Azerbeycan’dan dönüşten epey sonra “Bahr-ı Hazer” başlıklı bir dosya açarak, erişebildiğim belge ve bilgileri derledim. Yeri geldiğinde “Bahr-ı Hazerin Güneyi” diye yazılar kaleme aldım; bölgenin coğrafi derinliklerini, ekonomik potansiyellerini ve paylaştığımız ortak kültür birikimlerini anlamaya ve anlatmaya çalıştım.
Son günlerde zihnim“Bahr-i Hazer’in Kuzeyine” odaklanmış durumda.Doğu Avrupa’dan Ural Dağları’na kadar bütün ülkelerde iklim değişikliğinin etkisi yeni bir birikim alanı yaratıyor. İklim değişikliğinin ısıttığı topraklarda başta tahıllar olmak üzere baklagiller üretimi gelişiyor.
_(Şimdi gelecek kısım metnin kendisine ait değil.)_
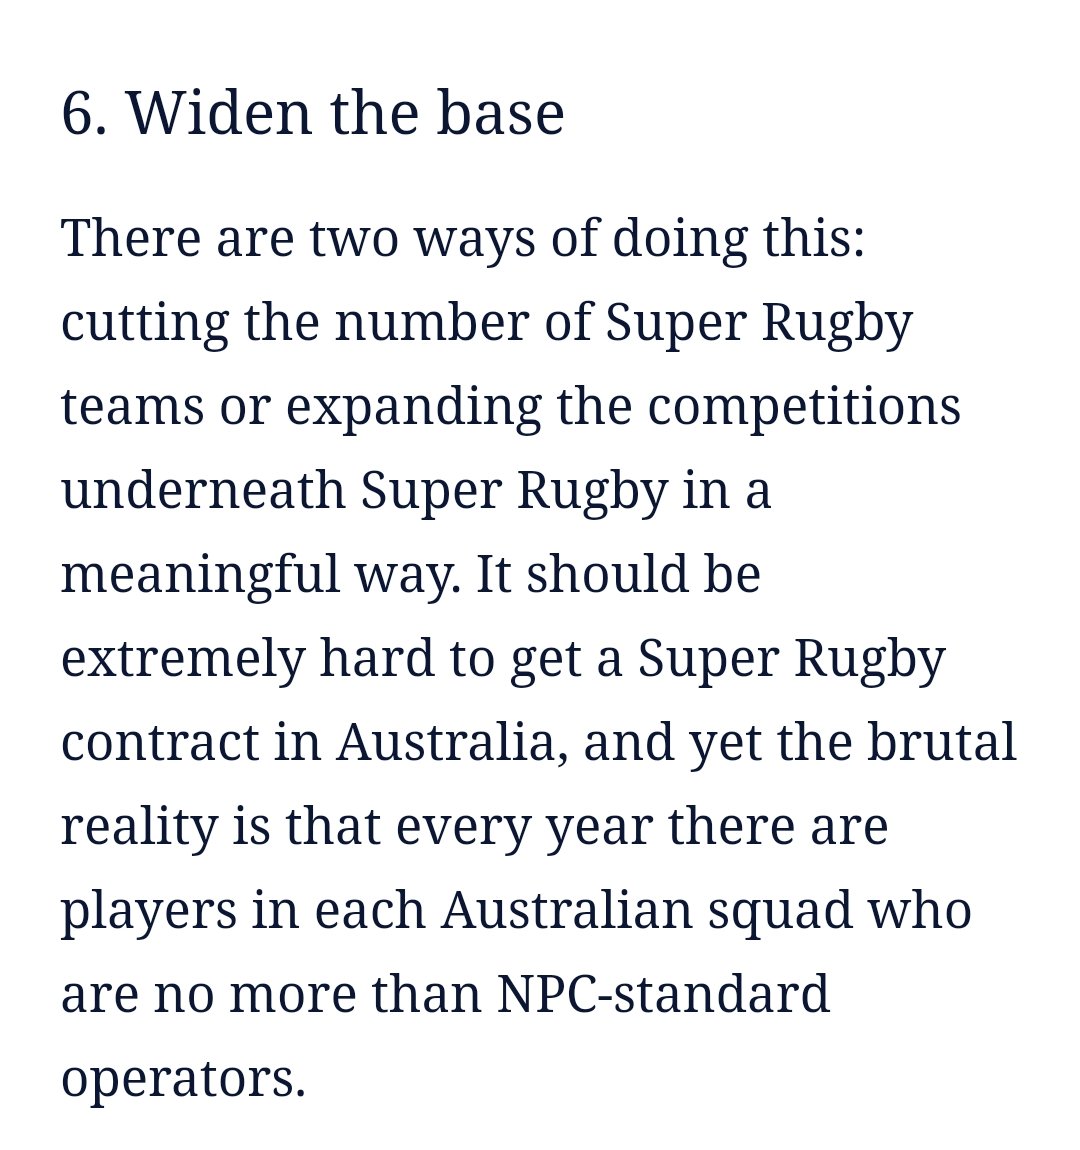 Can someone explain @paulcullystuff's logic to me? How does reducing the player base by cutting the number of Super Rugby teams widen the base?

#australianrugby

Yağlı tohumlar önemli bir ihraç ürünü.Eğer bölge soğan ve patates üretiminde de ataklarını sürdürürse, petrol ve doğalgaz odaklı hammadde ekonomisi yanında gıda arzı açısından da yeni bir üretim merkezinin oluşmasına tanıklık edeceğiz.
Orhan Pamuk’un makalesindeki saptamayı sürekli kendime anımsatıyorum: “Sosyal medyanın kısa mesajlarıyla iletişim kurabilirsiniz, ama asla düşünce geliştiremezsiniz!”.
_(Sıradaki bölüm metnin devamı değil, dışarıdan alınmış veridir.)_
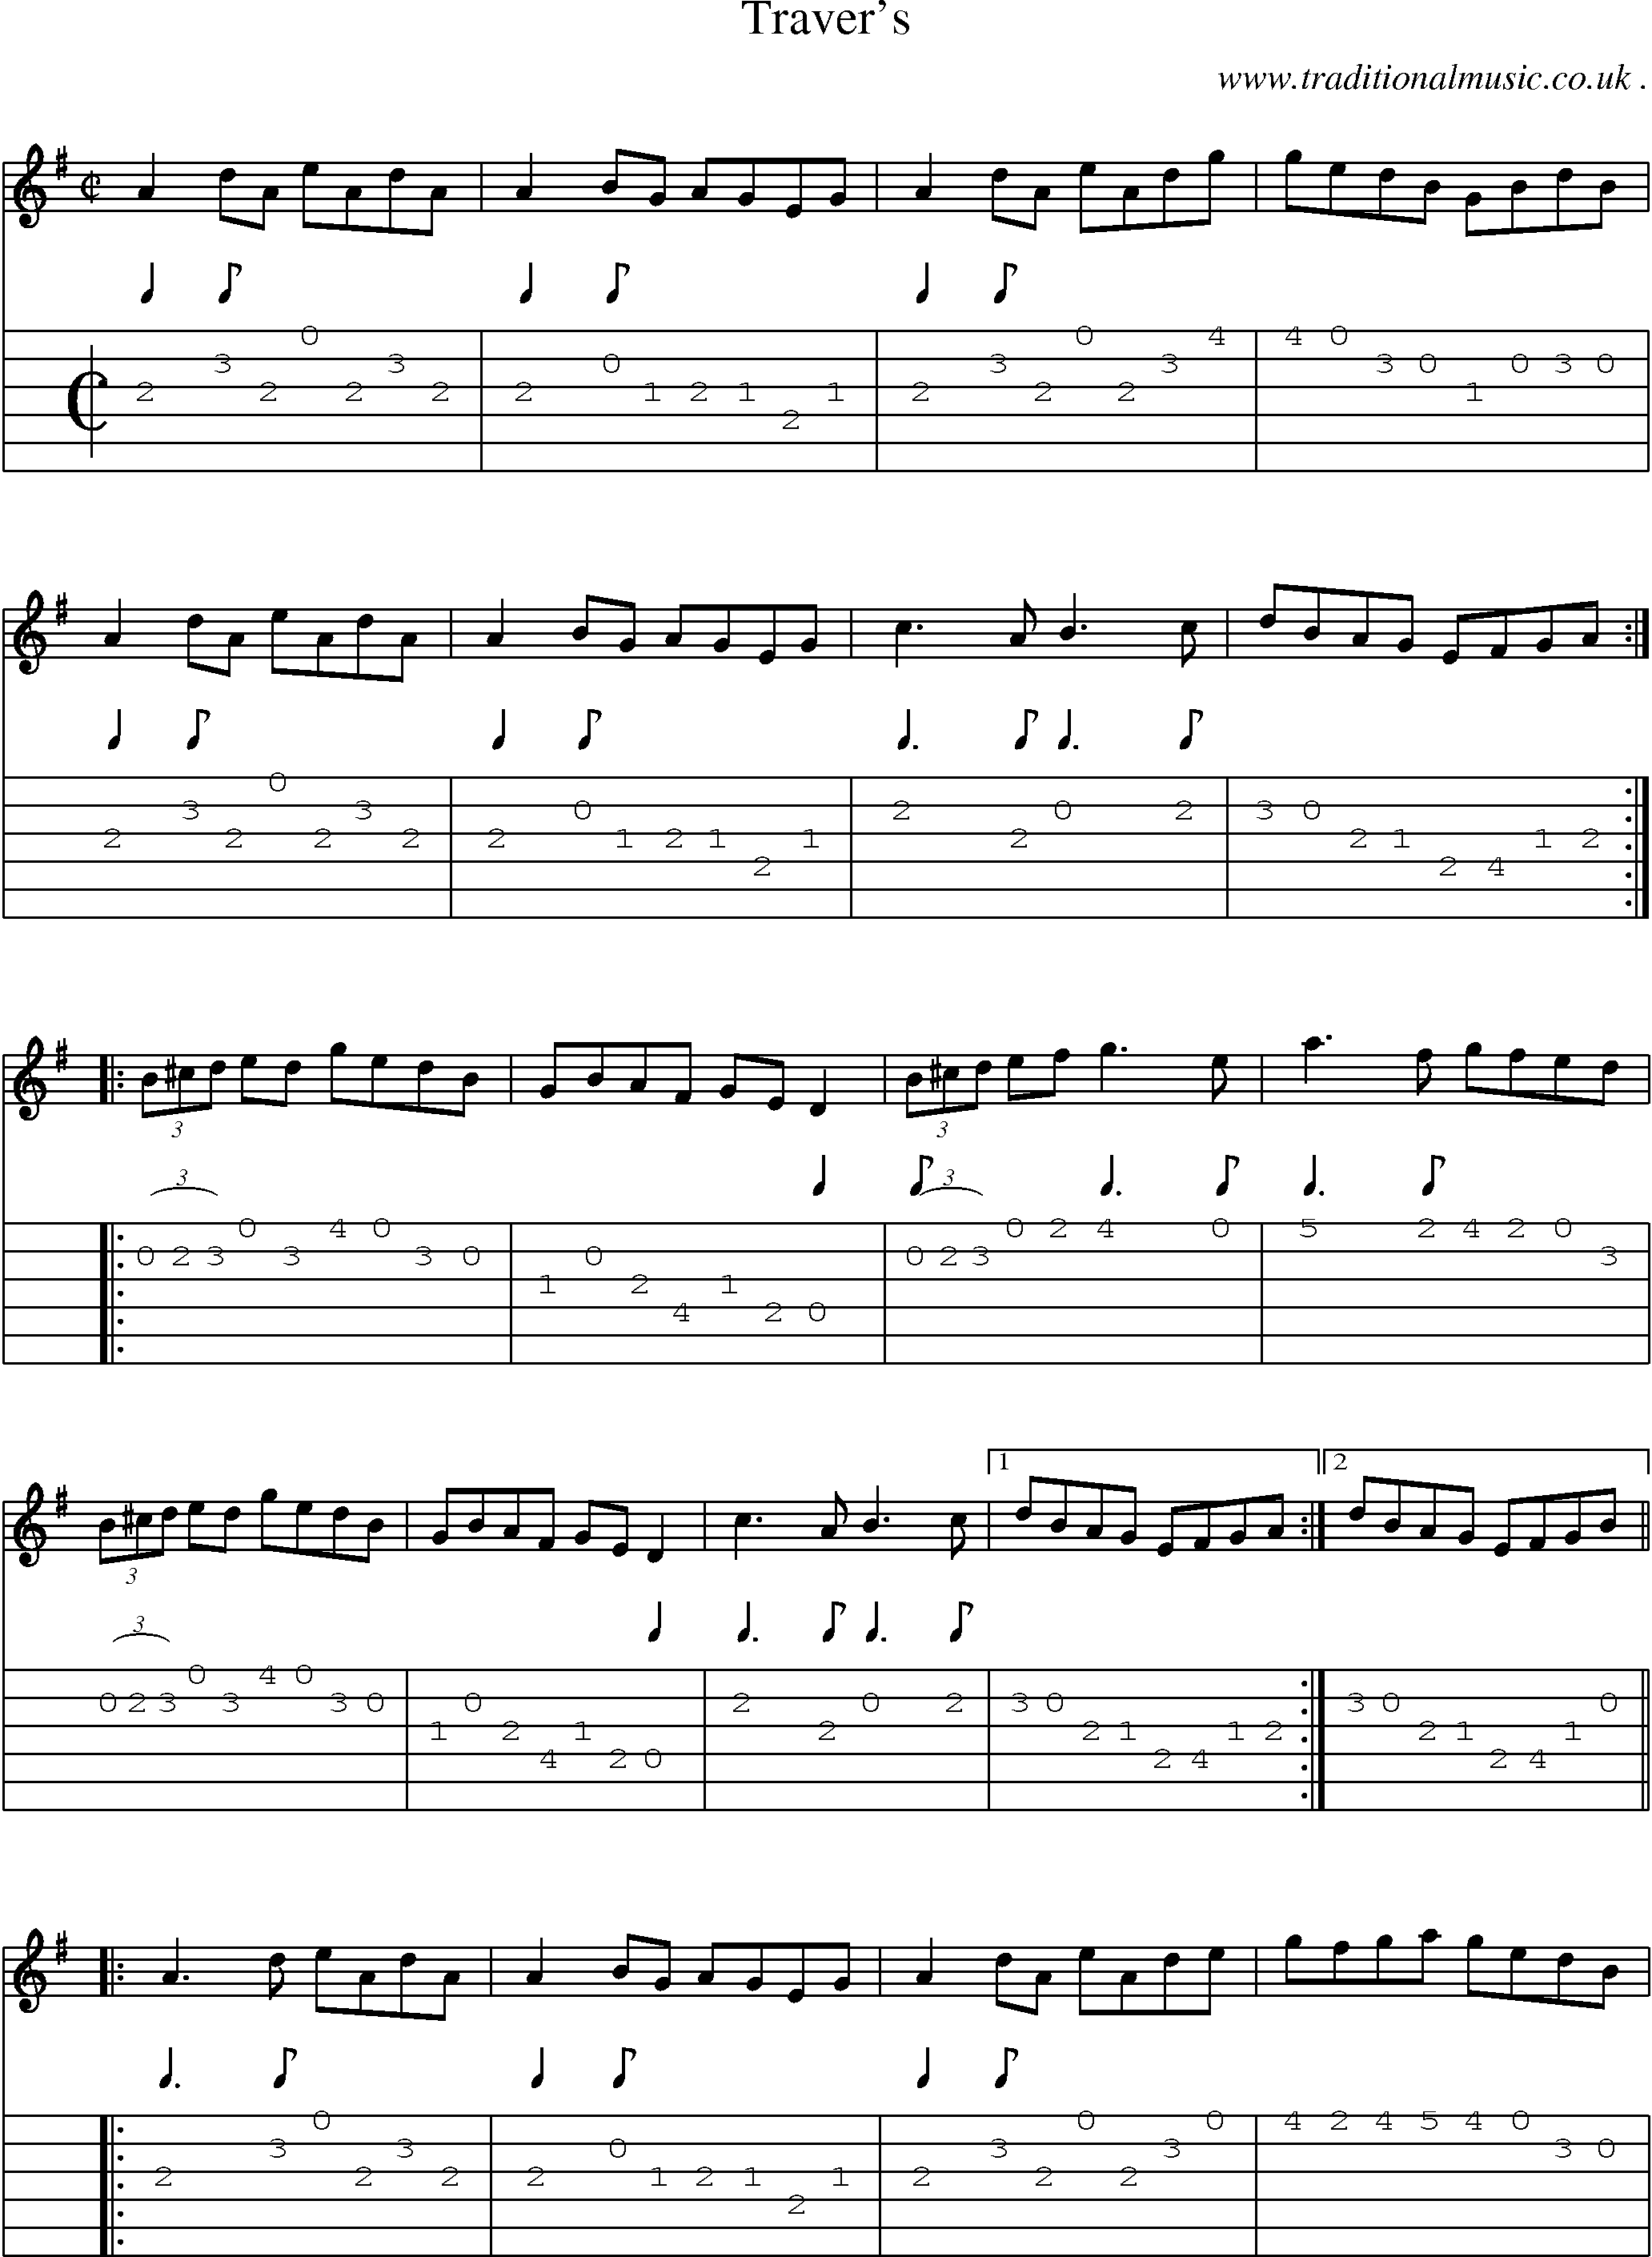 Sheet-Music and Guitar Tabs for Travers

Ülkemizdeki “su yoksulluğunu” da dikkate alarak, tarımsal üretimde tahıl kadar, baklagiller, soğan, patates ve yağlı tohumlar ithalatına bağımlılığımız üstüne hep birlikte düşünce geliştirmemiz gerekiyor. Geçeden yıl sadece yağlı tohum ithalatına 3,5 milyar dolar ödediğimizi akıldan çıkarmamak gerekiyor.
Eskişehir’in gündeminde “su potansiyelimiz”, “sulama altyapımız” ve “su yönetimi”, mevcut tarımsal “ürün desenimiz”, “ürün farklılaştırma potansiyelimiz”, daha “az suya bağımlı” ürünlere geçiş yapma fırsatları, ürenleri daha yüksek katma değerli hale getirecek yol ve yöntemlerinin yaygın biçimde sorgulanması gerektiğini düşünüyorum. Sanayi odamız, ticaret odamız, borsamız, üç üniversitemiz, tarımsal araştırma gelenekleri olan kamu kurumlarımız, DSİ Bölge müdürlüğümüz gibi kurumsal altyapımızın birikimlerini kullanarak bir “gelecek planlaması” tartışmasını yapmak kent ortak aklının görevedir diye düşünüyorum.
Yerel medyamız kentin kurumlarını yönetenlere mikrofon uzatmalı, gıda güvenliğinin geleceğini ilgilendiren sorular sorarak, tartışma ortamı yaratmalı. Ülkemizi kısır siyasi söylem ve çatışmaların vesayetinden kurtarmalıyız, çerçevesi belli olan, geliri ve gideri fizibilite anlayışıyla hesaplanmış olan projeleri tartışmalıyız. O zaman sığ siyasi söylemlerin tutsakları olmaktan kurtulur, kentimizin geleceğine ilişkin düşünceleri çeşitlendirir, bilgilerimizi netleştirir ve fikir altyapısını güçlendirebiliriz.
Birikimlerim, ülkemizi de kentlerimizin de siyasetin kısır çekişmelerinin vesayetinden kurtarmadan “gıda arzını güven altına almış bir ülke” yaratamayacağını söylüyor… Sevgili okuyucu, sizler ne düşünüyorsunuz? Paylaştığım genelleme “doğru mu”? Doğru değilse “yanlışı” nerede?